Jan
23
Cinq morts à Kiev : les Occidentaux tergiversent

Face à la violence du régime, l'opposition ukrainienne attend une réaction plus forte de l'UE et des Etats-Unis

Les Etats-Unis ont répondu aux violences qui ont fait cinq morts, mercredi 22 janvier en Ukraine, par des restrictions de visas et des menaces de sanctions. Selon la porte-parole du département d'Etat, Marie Harf, qui s'est refusée à toute précision, plusieurs officiels ukrainiens considérés comme responsables de la répression contre des manifestants pacifiques ont vu leur visa suspendu.

Alors que des émeutes ont fait leurs premiers morts à Kiev, l'administration américaine a continué à réfléchir à d'éventuelles sanctions, une demande de l'opposition ukrainienne qui voudrait que les Occidentaux s'engagent plus nettement contre le président, Viktor Ianoukovitch, à qui elle reproche d'avoir renoncé, fin novembre 2013, à signer un accord d'association avec l'Union européenne au profit d'un rapprochement avec la Russie.Preuve, s'il en fallait, qu'entre le pain et la liberté les peuples choisissent toujours cette dernière!

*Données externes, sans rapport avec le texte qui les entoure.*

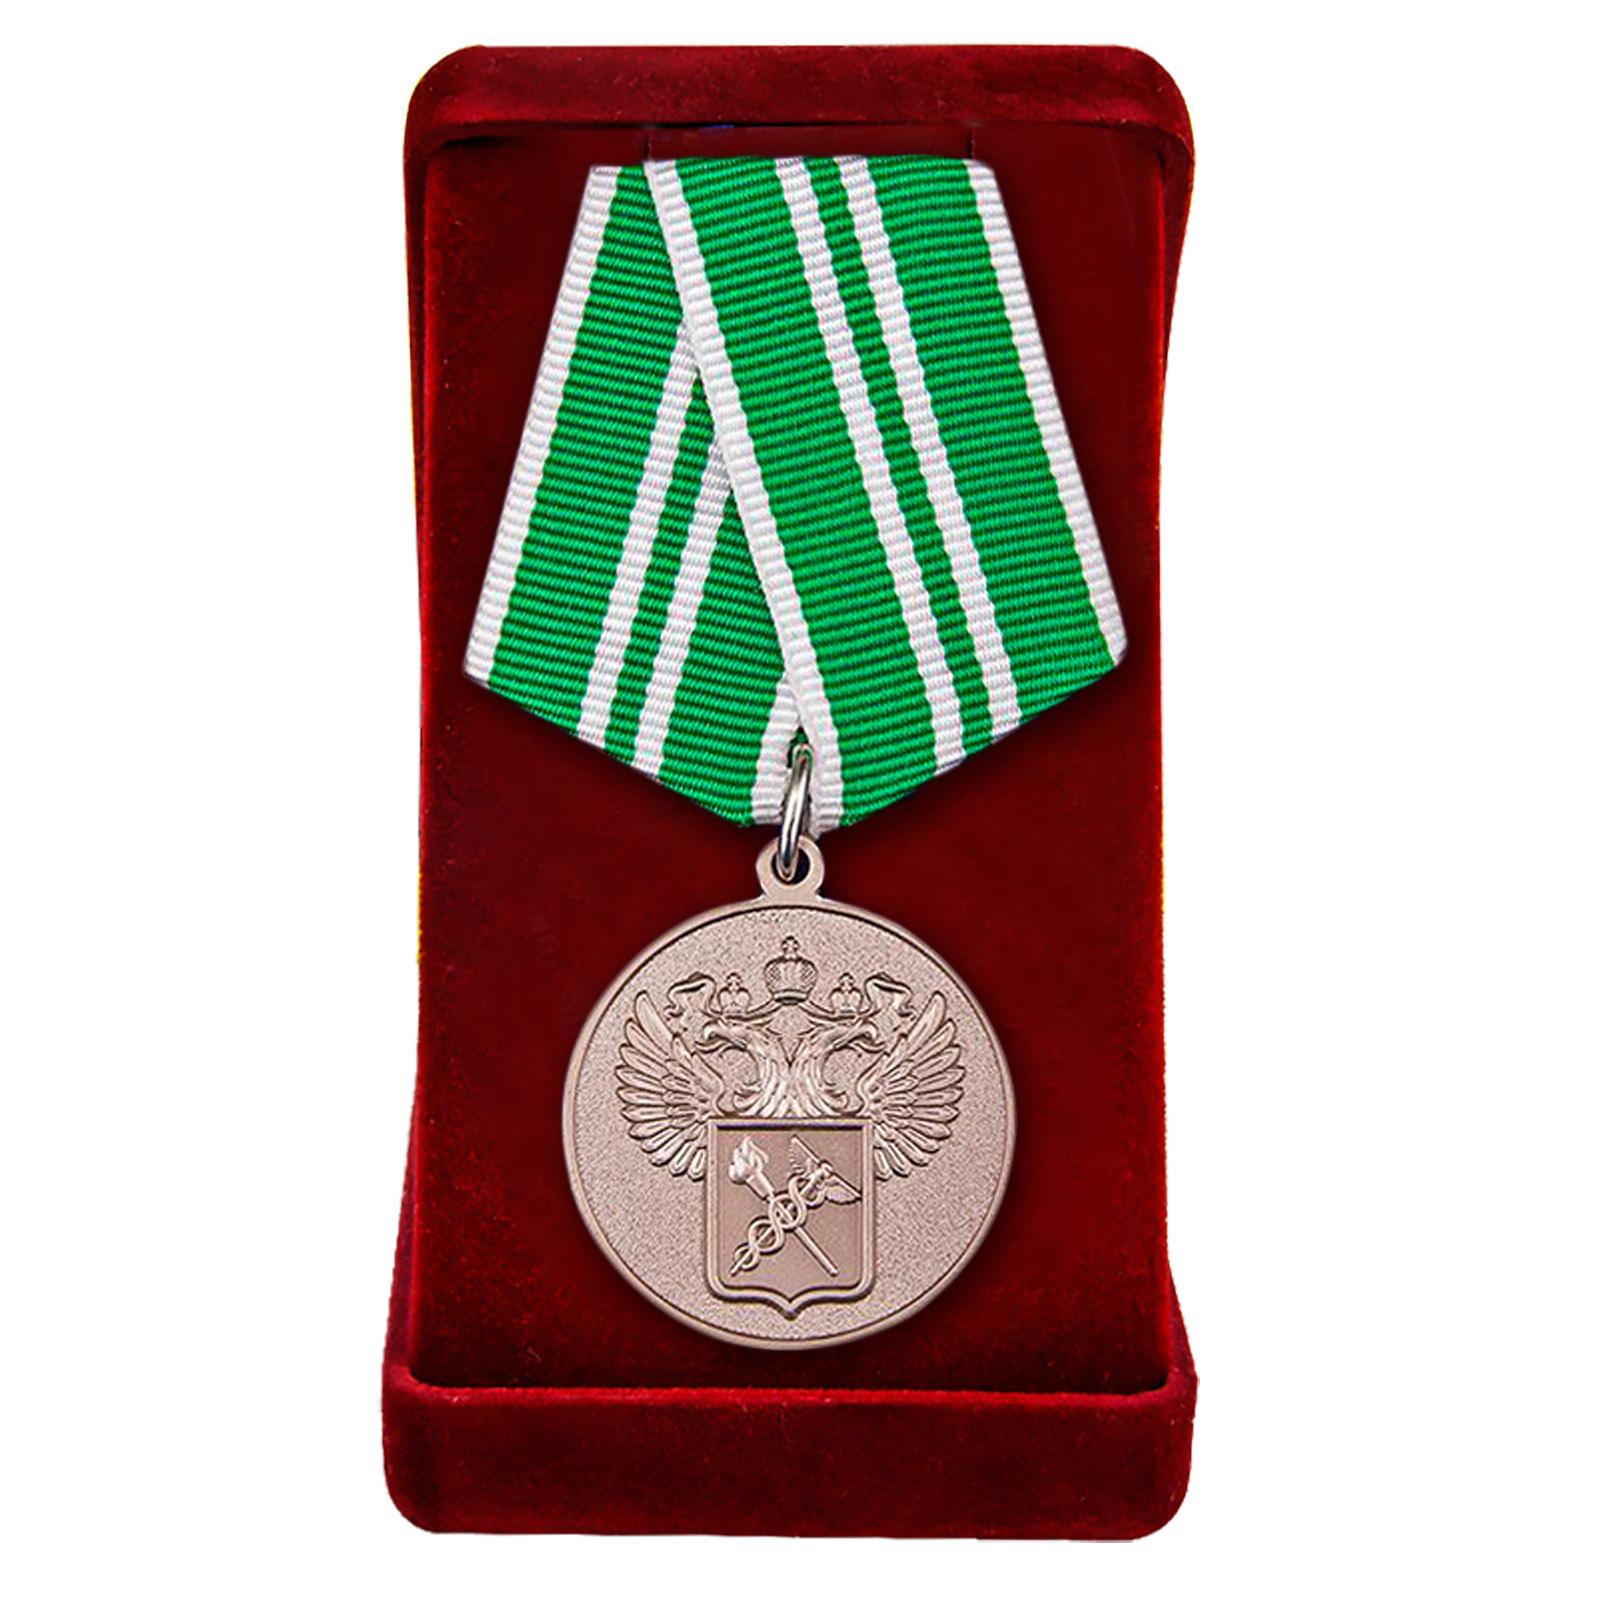 """Купить ведомственную медаль """"За службу в таможенных органах"""" 2 степени с доставкой"""
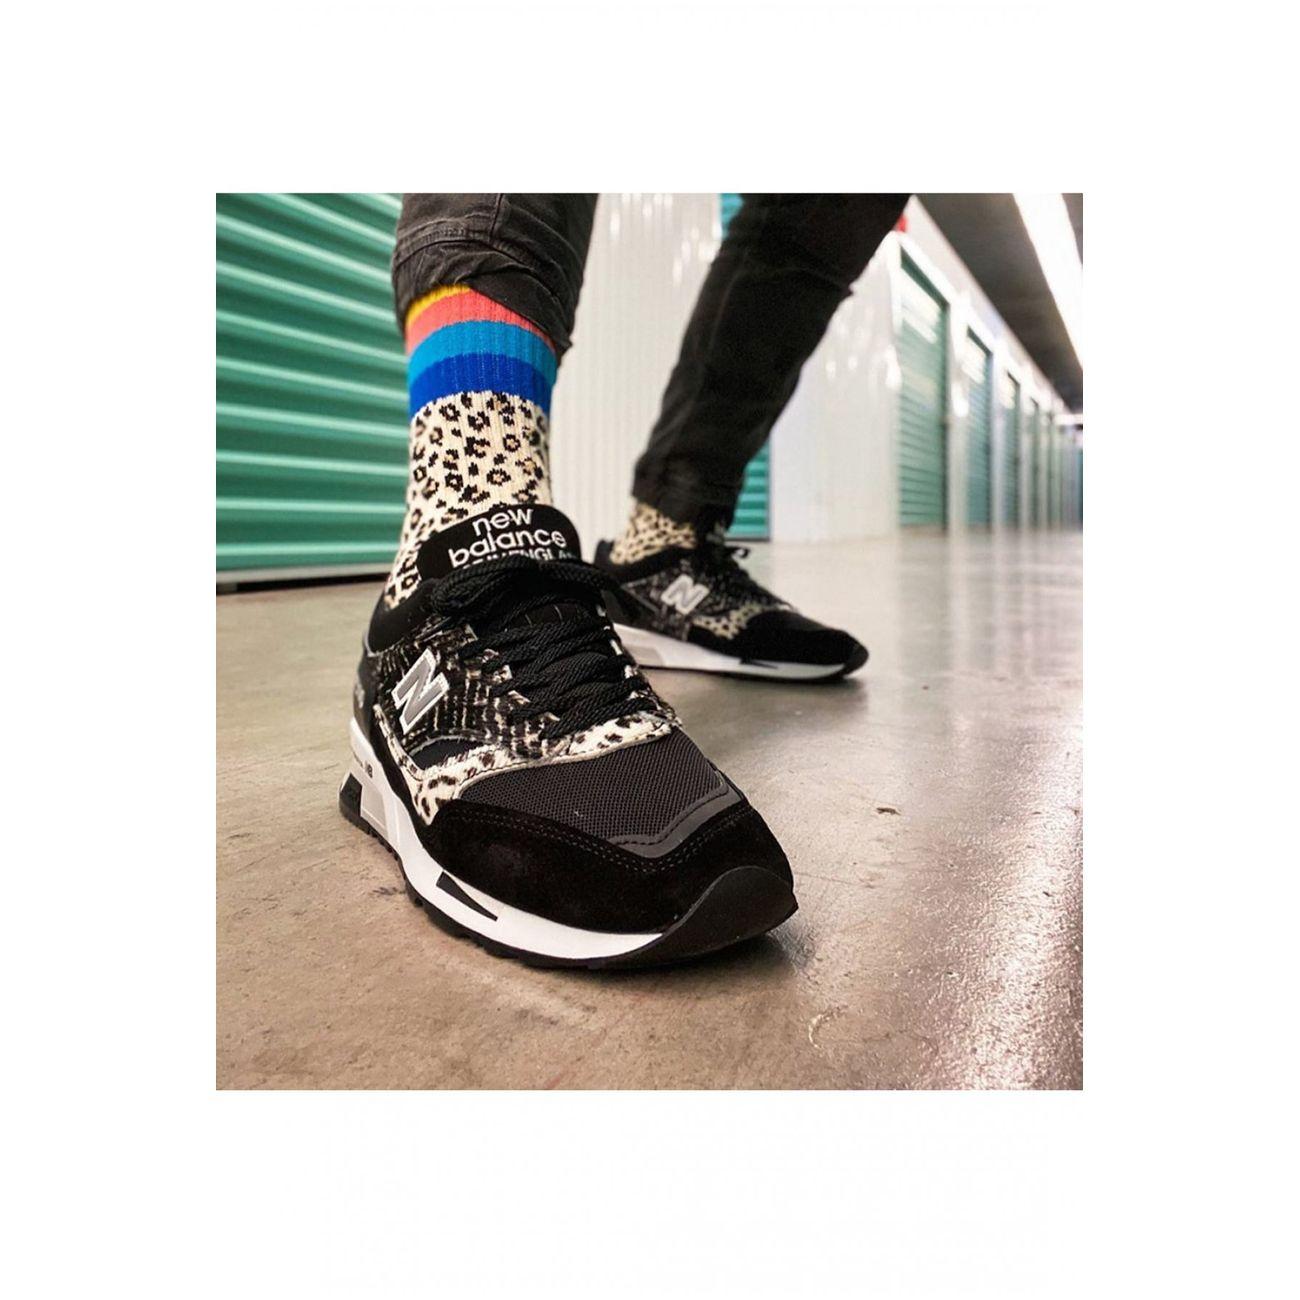 homme NEW BALANCE Sneakers en cuir et peau - New balance - Homme

Mais le dossier ukrainien ne fait pas partie des priorités américaines, d'autant que l'administration Obama est actuellement engagée dans un dialogue délicat avec Moscou, que ce soit sur la Syrie ou la sécurité des Jeux olympiques de Sotchi. Déjà, la Russie a dénoncé des " ingérences étrangères " dans les affaires de l'Ukraine, mercredi, par la voix du vice-ministre des affaires étrangères, Grigori Karassine. La veille, c'était le ministre Sergueï Lavrov qui dénonçait une situation hors de contrôle. " Apparemment, quelqu'un est intéressé par ce chaos ", a-t-il lancé dans une conférence de presse à Moscou.

L'administration Obama est désireuse de manifester sa sympathie aux manifestants proeuropéens sans avoir l'air d'encourager la révolte, tout en se méfiant des débordements. Mercredi, Mme Harf a mis en garde contre les dérapages causés par " de petits groupes d'extrême droite ". En décembre, la secrétaire d'Etat adjointe pour l'Europe, Victoria Nuland, s'était rendue à Kiev, en plein milieu des manifestations.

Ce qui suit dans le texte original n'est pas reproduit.